Exercise goal.
Leaving the pictures aside, repeat every line below exactly.

Given material.
┄┄┄┄┄┄┄┄┄┄
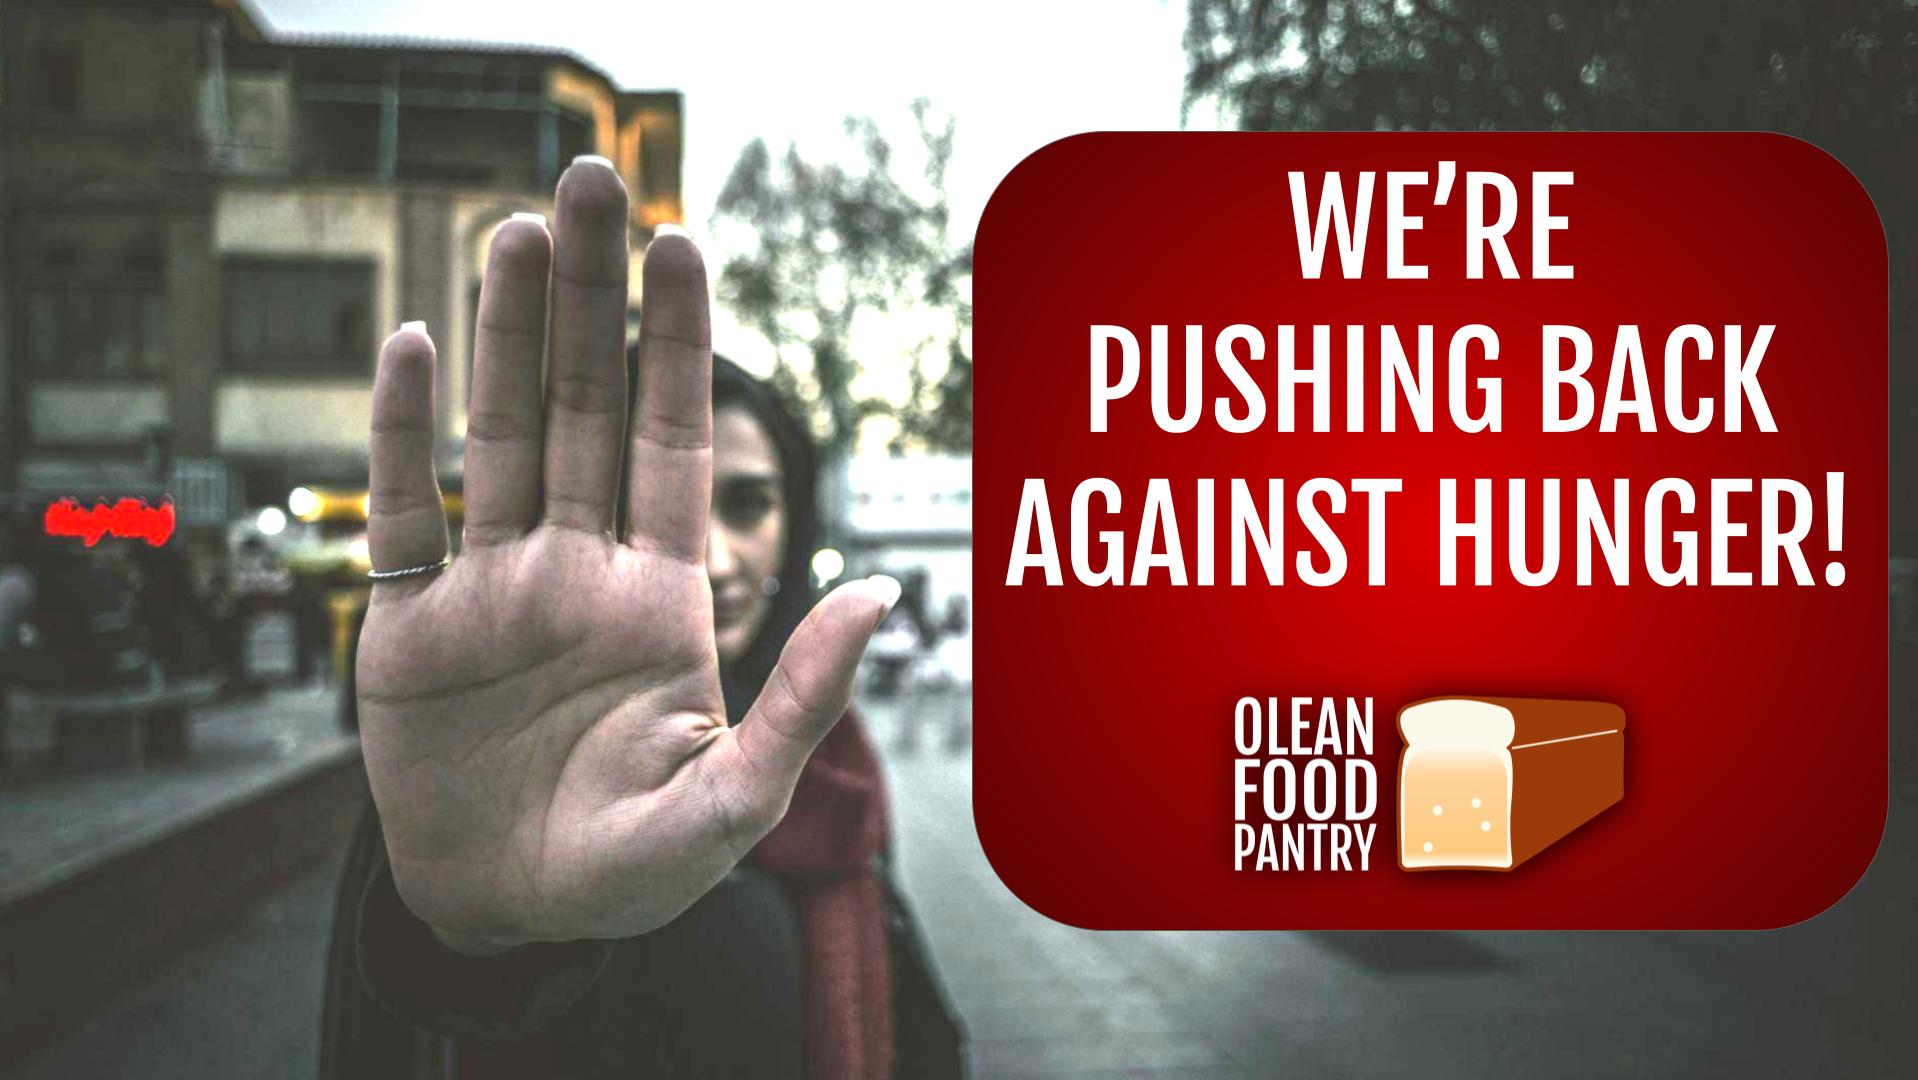 Olean Food Pantry fights food insecurity
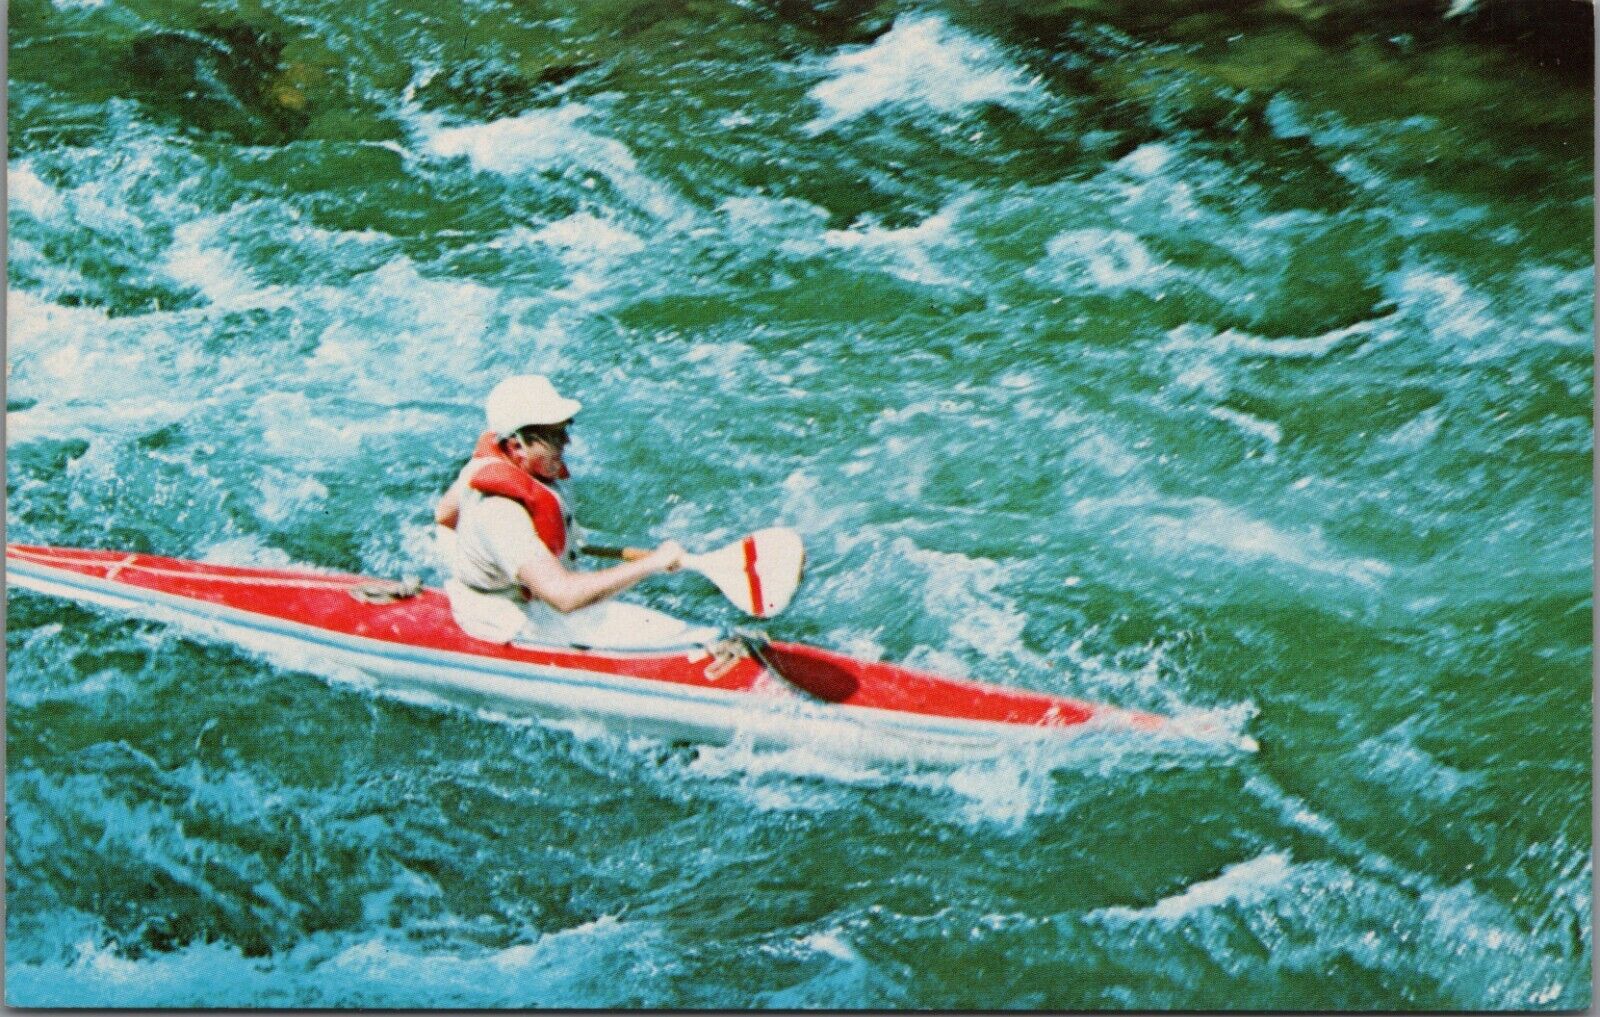 Kayaking Class III Whitewater Rapids Lower Nantahala River Gorge Falls NC UNP
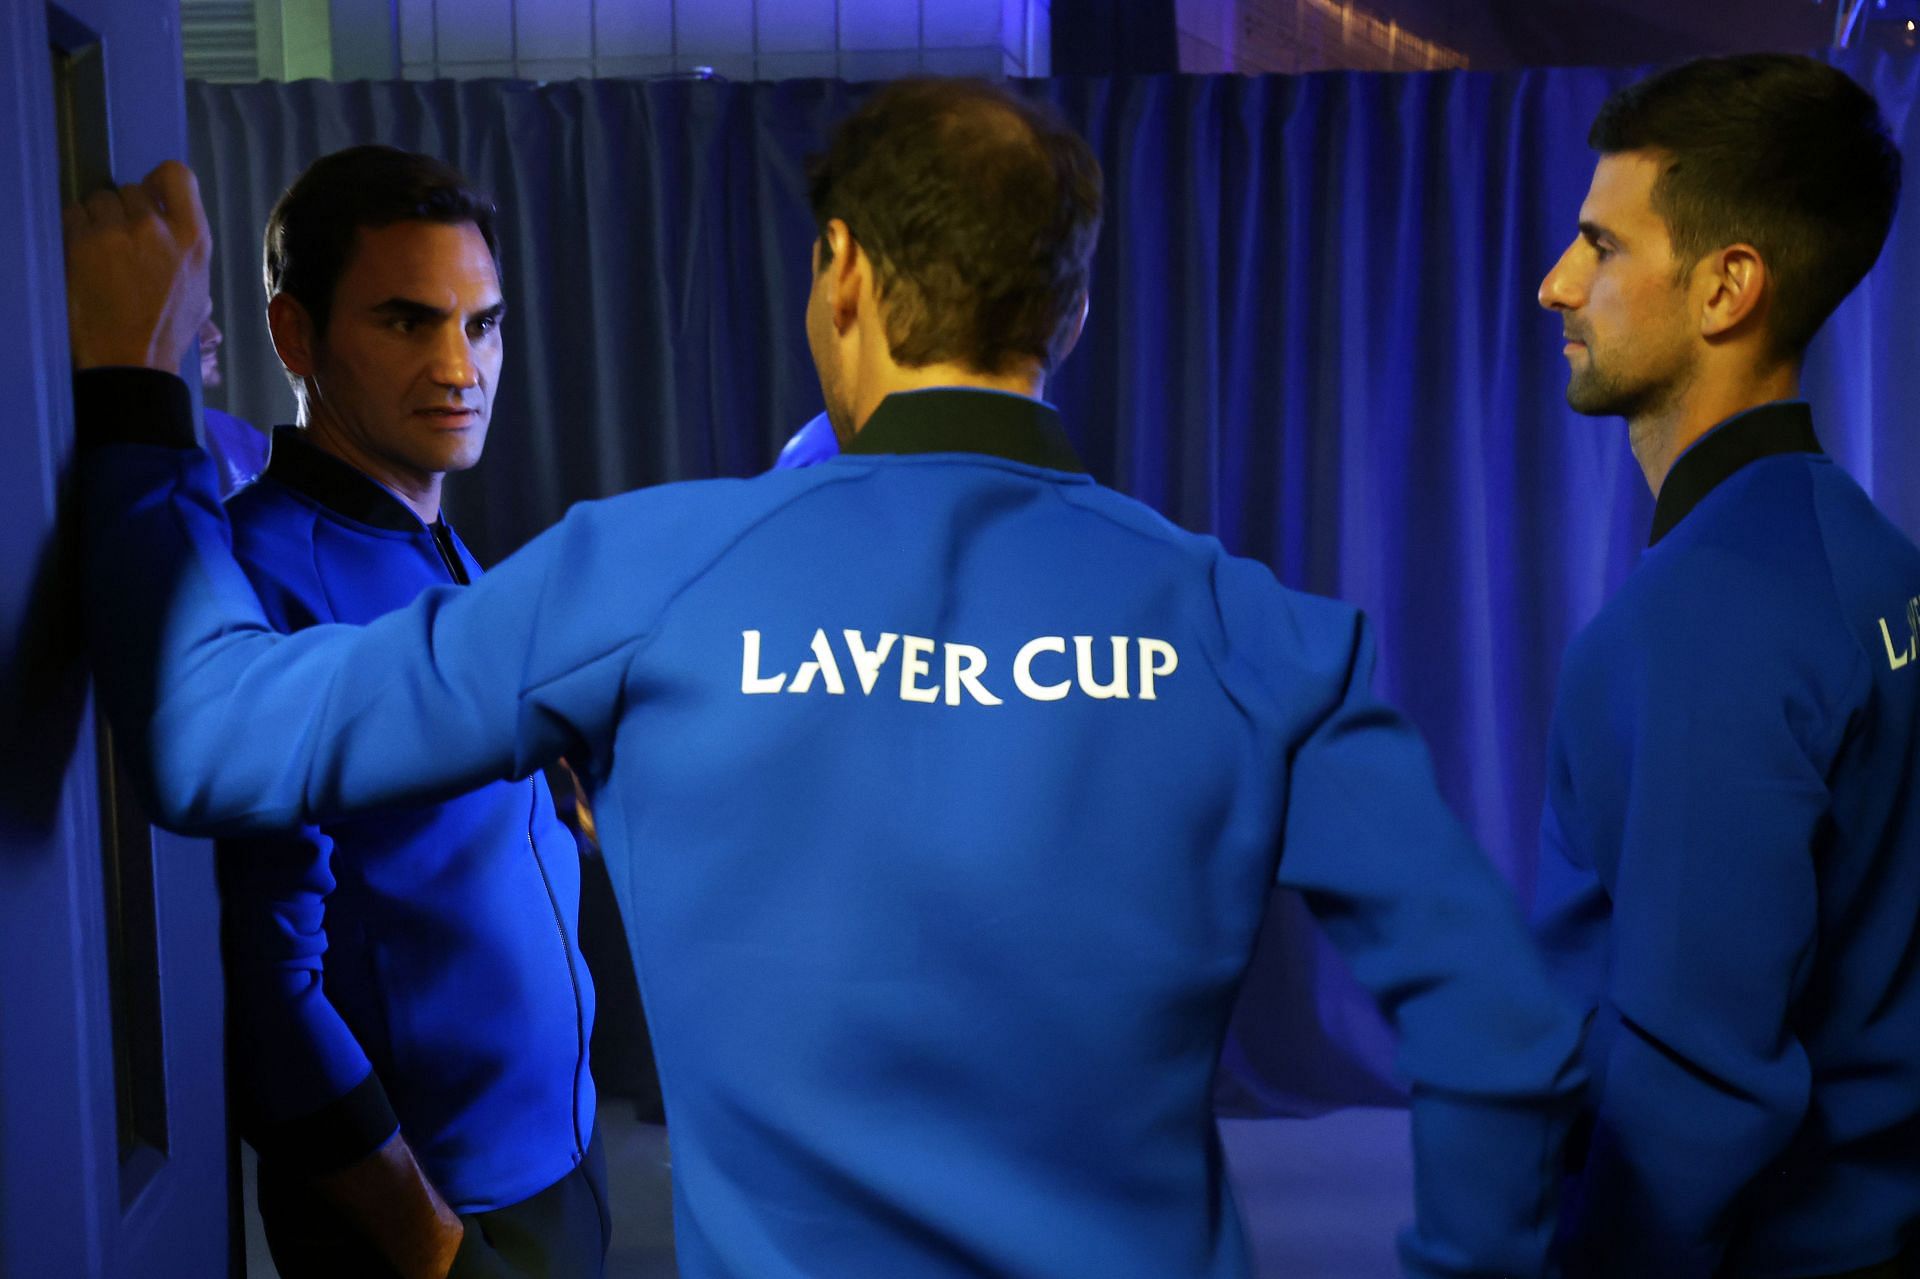 Roger Federer, Rafael Nadal, and Novak Djokovic at Laver Cup 2022
┄┄┄┄┄┄┄┄┄┄
Your response.
 Olean Food Pantry fights food insecurity
 Kayaking Class III Whitewater Rapids Lower Nantahala River Gorge Falls NC UNP
 Roger Federer, Rafael Nadal, and Novak Djokovic at Laver Cup 2022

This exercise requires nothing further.